▶ **DATASET EXCERPT**:
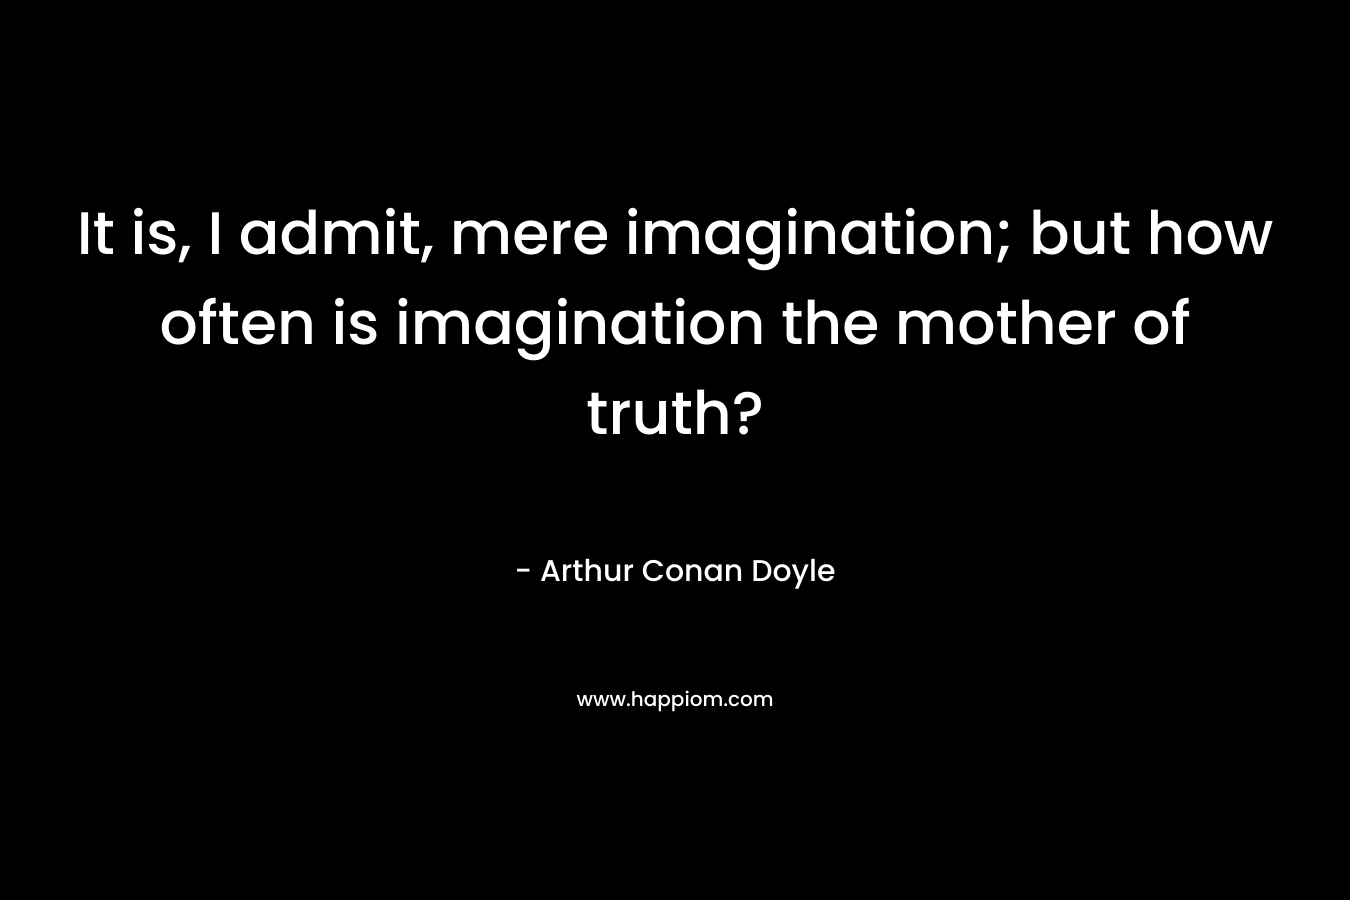 It is, I admit, mere imagination; but how often is imagination the mother of truth?
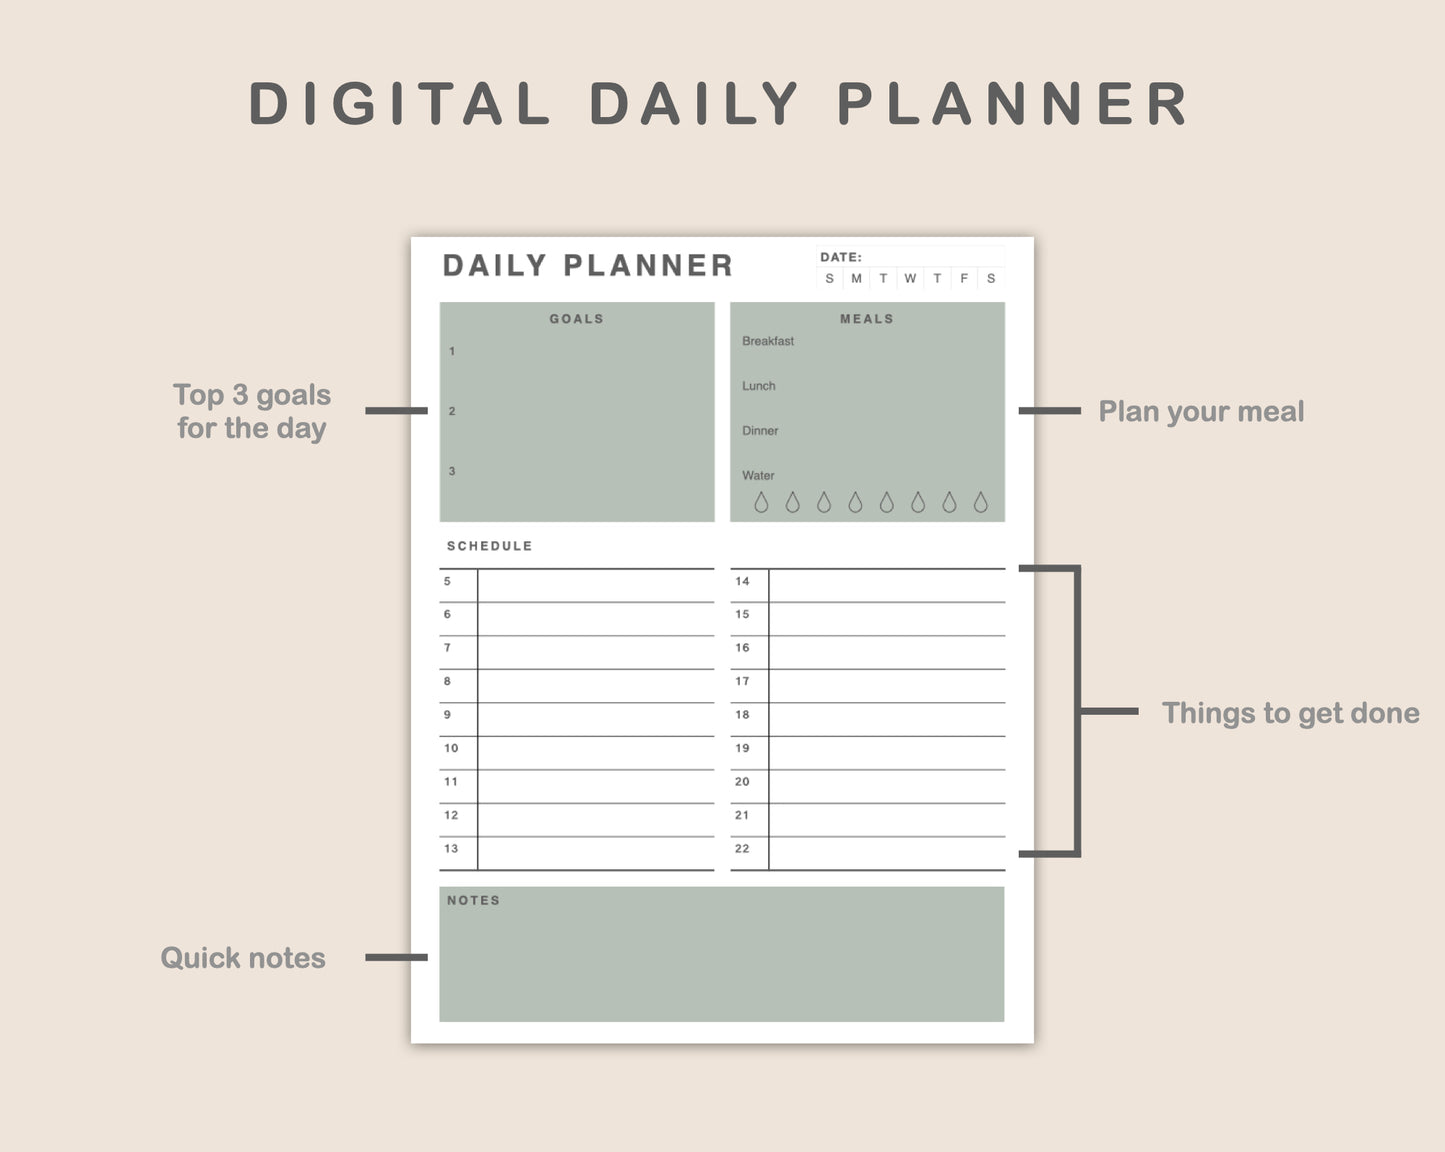 Daily Planner, Meal Planner - Portrait
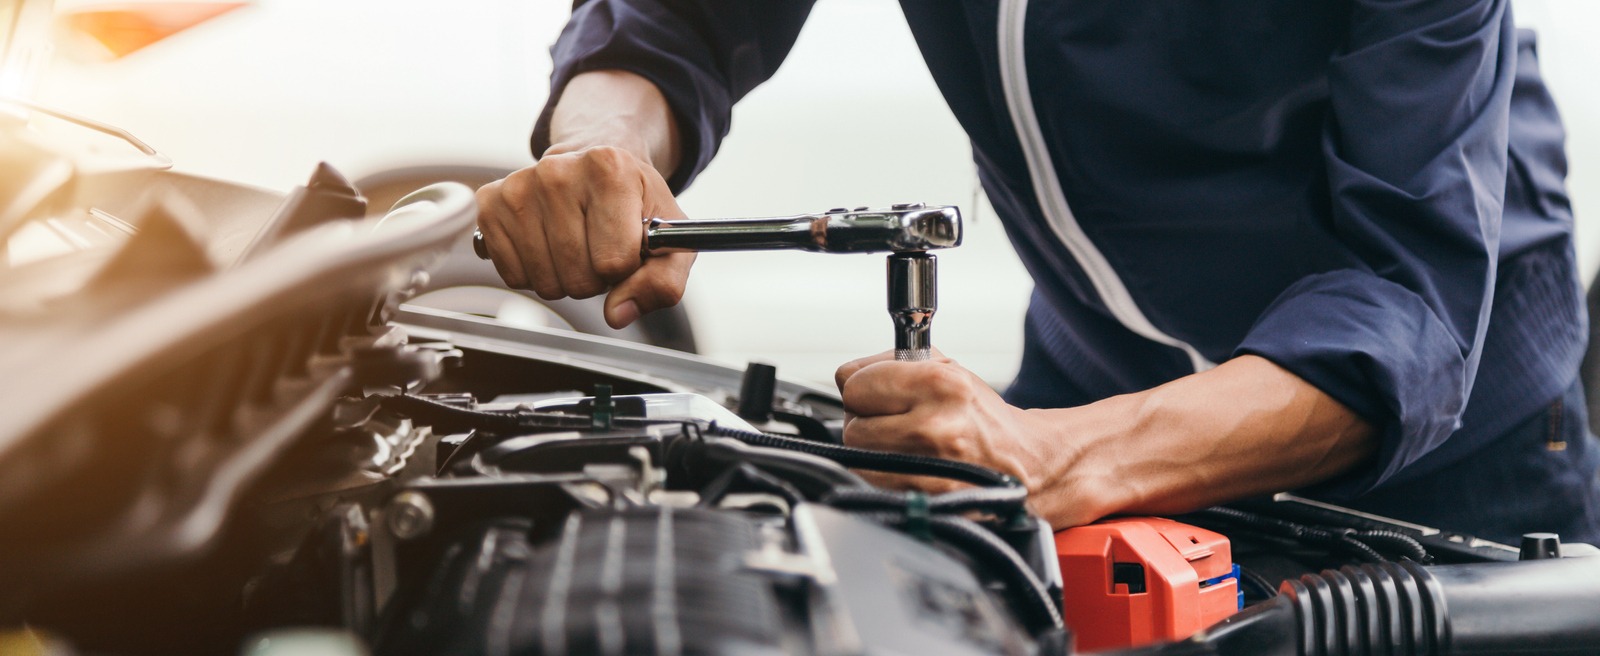 7 Car Maintenance Tips To Extend The Life Of Your Car

▶ **PROBLEM DETAILS**: All that is needed is the lines from the line holding "Daily Planner, Meal Planner - Portrait" to the final line of the listing above, repeated exactly, pictures excluded.

▶ **ANSWER SECTION**:
 Daily Planner, Meal Planner - Portrait
 7 Car Maintenance Tips To Extend The Life Of Your Car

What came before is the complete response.